The Future of Scientific Discovery
The collaboration between PNNL and Microsoft is a testament to the dawn of a new era of scientific discovery. The use of novel AI and hyper scale capabilities can speed up research and unlock the discovery of new molecules that can address some of the most pressing issues of our time. The breakthrough in using Azure Quantum Elements to find new battery materials is just one example of how innovative approaches to materials research can improve our daily lives.
The collaboration between PNNL and Microsoft is a significant step towards accelerating scientific discovery and addressing global energy challenges. By leveraging advanced AI and high-performance computing, the partnership aims to identify promising new materials and chemistries that can provide energy-on-demand while preserving Earth’s resources. The initial focus of the collaboration is on chemistry and materials science, with an emphasis on computational chemistry and material science in the future. The partnership is a testament to the potential of AI in accelerating scientific results and the dawn of a new era of scientific discovery.
“The intersection of AI, cloud and high-performance computing, along with human scientists, we believe is key to accelerating the path to meaningful scientific results,”
PNNL’s Deputy Director for Science and Technology Tony Peurrung.
Quick Summary
The Department of Energy’s Pacific Northwest National Laboratory and Microsoft are collaborating to use high-performance computing and advanced artificial intelligence to accelerate scientific discovery, with an initial focus on chemistry and materials science. The partnership aims to identify new materials for energy applications, potentially speeding up the development of solutions to global energy challenges.
“With Microsoft and PNNL, this is an enduring collaboration to accelerate scientific discovery, bringing the power of these computational paradigm shifts to bear, with the chemistry and material science that are a hallmark strength of the Pacific Northwest National Laboratory,”
Brian Abrahamson, the chief digital officer at PNNL.
- The Department of Energy’s Pacific Northwest National Laboratory (PNNL) and Microsoft have partnered to use high-performance computing and advanced artificial intelligence (AI) to accelerate scientific discovery.
- The collaboration aims to speed up the application of energy solutions, with an initial focus on chemistry and materials science.
- Microsoft’s Azure Quantum Elements platform, which uses advanced AI models, is being tested by PNNL researchers for its ability to identify new materials for energy applications.
- The partnership aims to find new materials and chemistries that can provide energy-on-demand while preserving Earth’s resources.

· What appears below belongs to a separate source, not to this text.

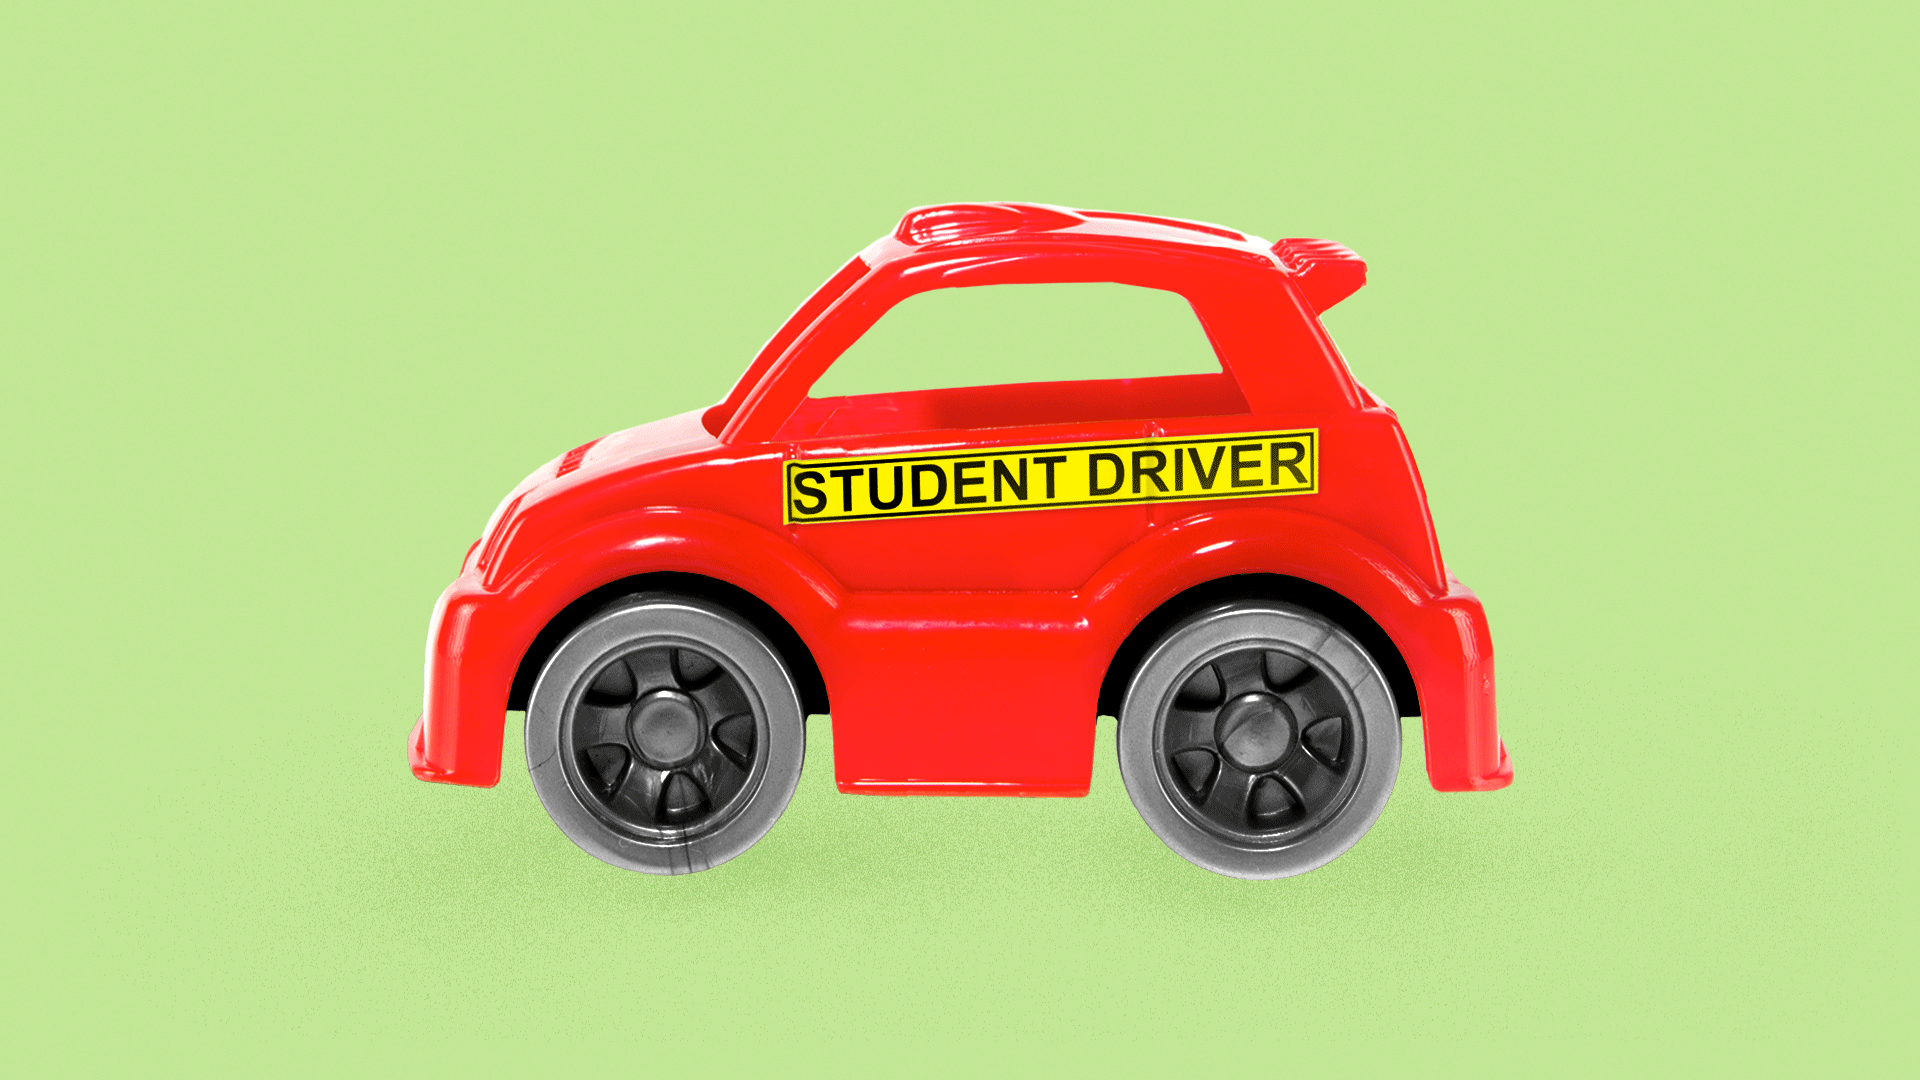 Illustration of a toy car with a "Student Driver" sticker across the side.

- The collaboration has already resulted in the identification of a new battery material in a matter of weeks, not years.
- The Microsoft Quantum team used AI to identify around 500,000 stable materials in a few days.
- The new battery material was identified from 32 million potential inorganic materials, and narrowed down to 18 promising candidates in just 80 hours.
- The partnership between PNNL and Microsoft is expected to continue over the next several years, with a focus on computational chemistry and material science.
- The collaboration has the potential to speed up solutions for urgent sustainability, pharmaceutical, and other challenges, and provides a glimpse of the advances that will become possible with quantum computing.